Kara Schmitz was relaxing at home Thursday afternoon when a loud boom broke the silence and shook her Excelsior home.
“It didn’t last long, maybe five seconds,” Schmitz recalled, saying it sounded a lot like a heavy object being dropped at a construction site.
Then it happened again on Saturday.
Others in Schmitz’s neighborhood and in the small communities surrounding Lake Minnetonka have heard mysterious booming and popping sounds, too, and have taken to social media to ask what’s behind the loud unsettling noises being heard over recent days.
Chalk them up to a cryoseism — the technical term for an ice quake or frost quake — says Matt Benz, a meteorologist with Accuweather. At least that is the leading theory, he said.

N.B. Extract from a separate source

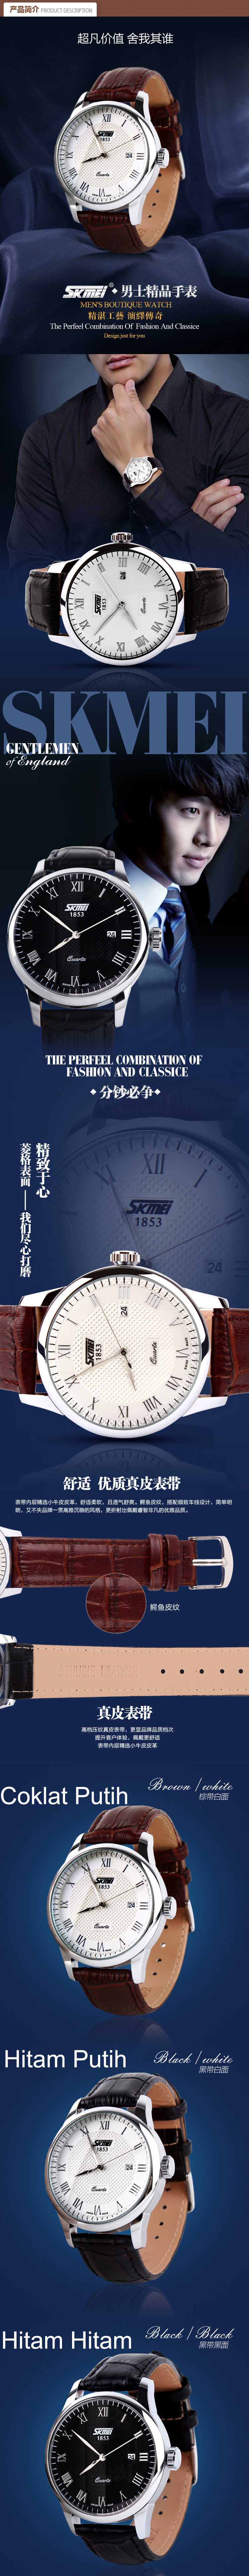 jual jam tangan pria merk skmei 1853 dengan desain casual terbuat dari bahan kulit yang dipadukan dengan stainless steel sangat cocok untuk anda yang ingin tampil maksimal

Frost quakes happen most often when the ground is saturated and temperatures take a nosedive. When precipitation in the ground freezes rapidly, it expands quickly and creates cracks in the soil. Loud pops occur when the ground cracks open, Benz said.
They are rare in Minnesota, but this relatively mild and snowless winter has brought all the ingredients for frost and ice quakes together, Benz said.
A much warmer December than usual saw nearly 2 inches of rain in the Twin Cities over Christmas Eve and Christmas Day. Without snow cover to insulate the ground, most of that moisture seeped into the ground. Then it rapidly froze when bitter arctic air arrived in mid-January, setting the stage for the below-ground action.